Dataset content Start Marker

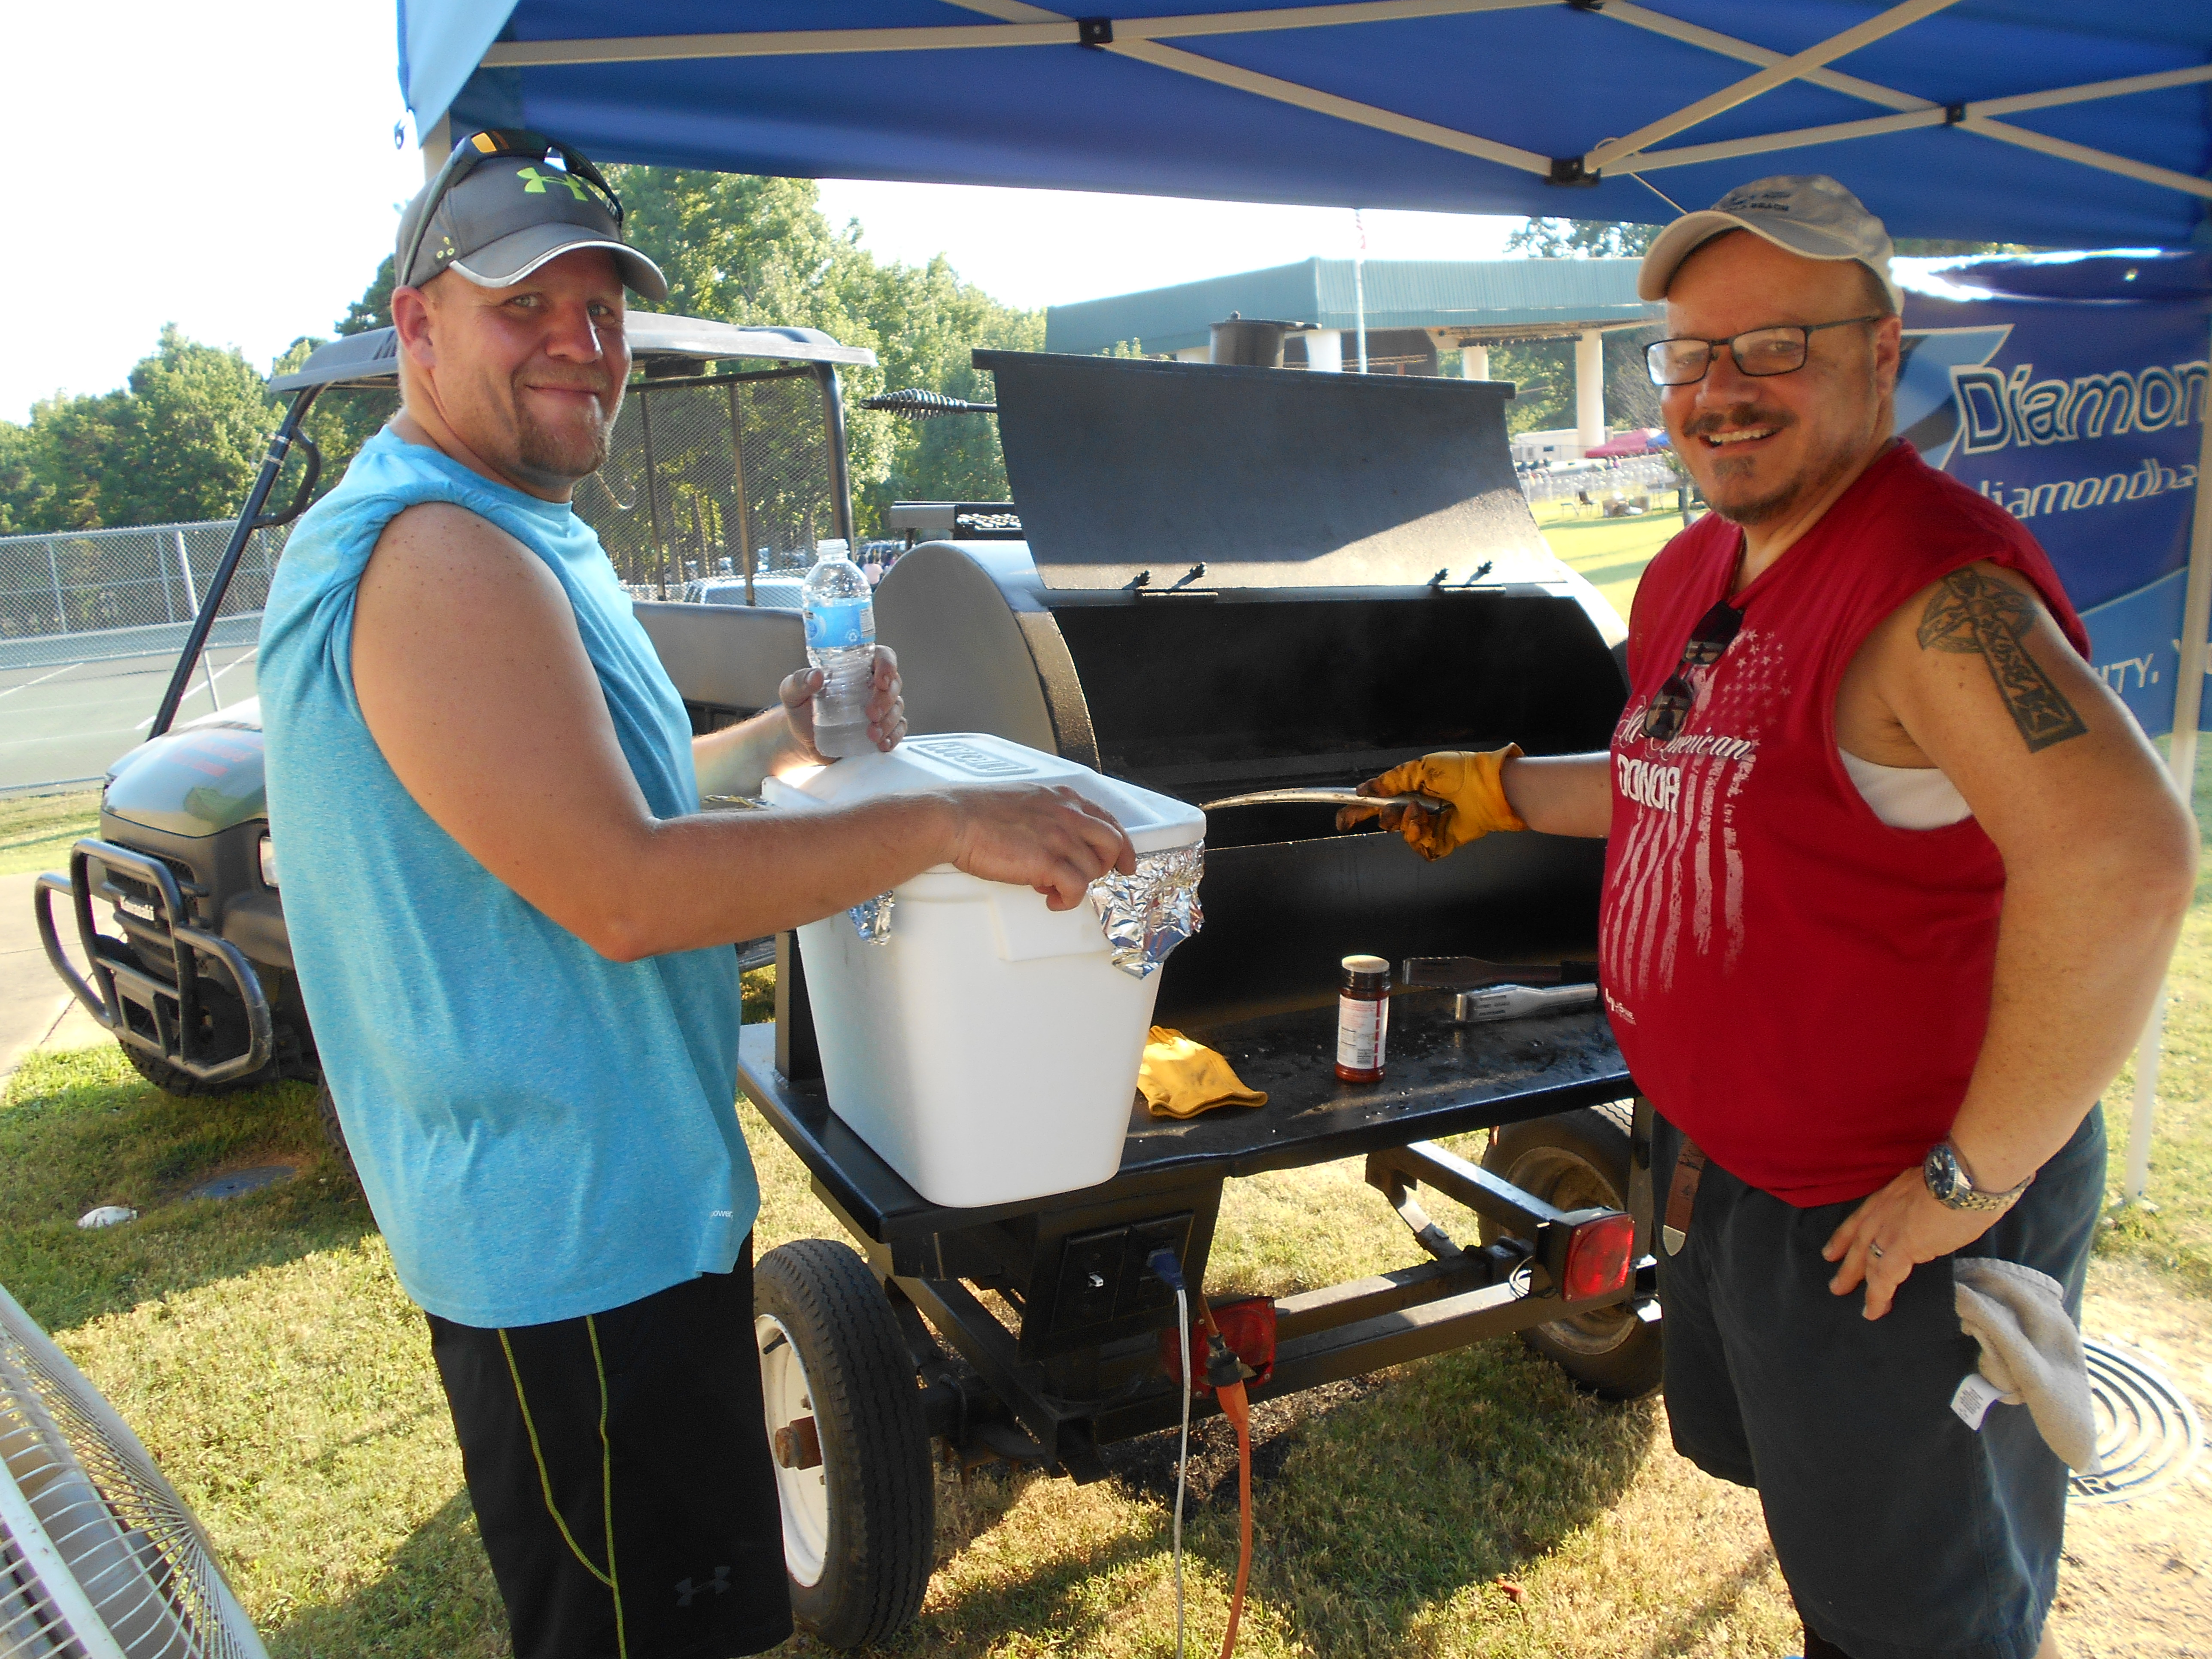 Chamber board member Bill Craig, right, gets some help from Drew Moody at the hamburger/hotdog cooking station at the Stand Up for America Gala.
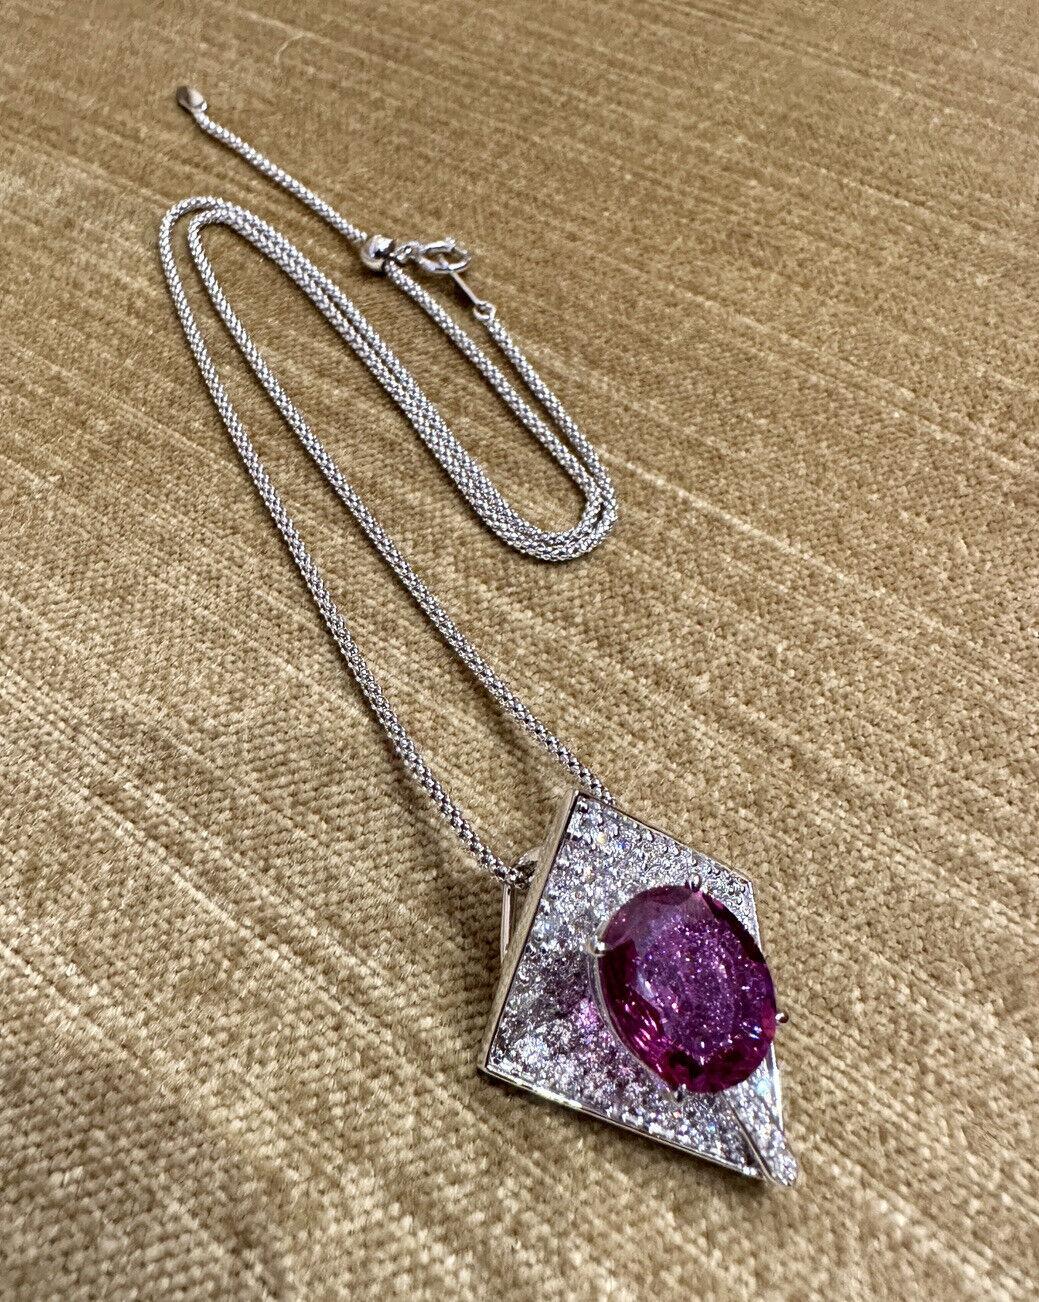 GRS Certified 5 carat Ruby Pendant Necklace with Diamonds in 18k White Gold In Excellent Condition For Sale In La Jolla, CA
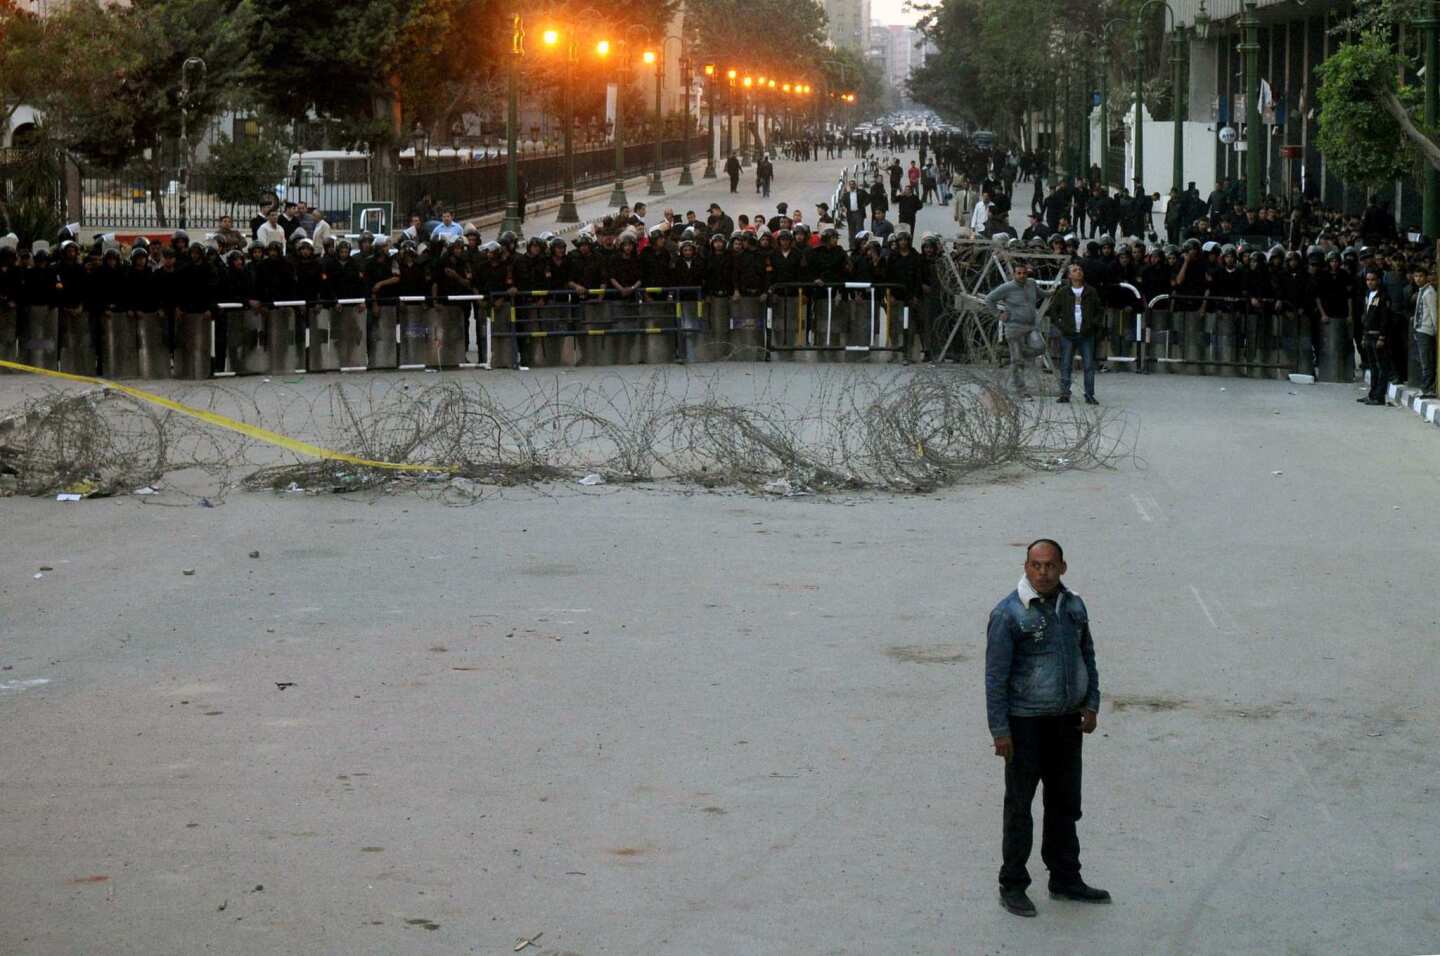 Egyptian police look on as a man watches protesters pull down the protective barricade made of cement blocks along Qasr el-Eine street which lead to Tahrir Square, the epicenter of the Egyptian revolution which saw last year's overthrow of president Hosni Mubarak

Dataset content End Marker

The task calls for every line of the data to be returned exactly, without pictures.

 Chamber board member Bill Craig, right, gets some help from Drew Moody at the hamburger/hotdog cooking station at the Stand Up for America Gala.
 GRS Certified 5 carat Ruby Pendant Necklace with Diamonds in 18k White Gold In Excellent Condition For Sale In La Jolla, CA
 Egyptian police look on as a man watches protesters pull down the protective barricade made of cement blocks along Qasr el-Eine street which lead to Tahrir Square, the epicenter of the Egyptian revolution which saw last year's overthrow of president Hosni Mubarak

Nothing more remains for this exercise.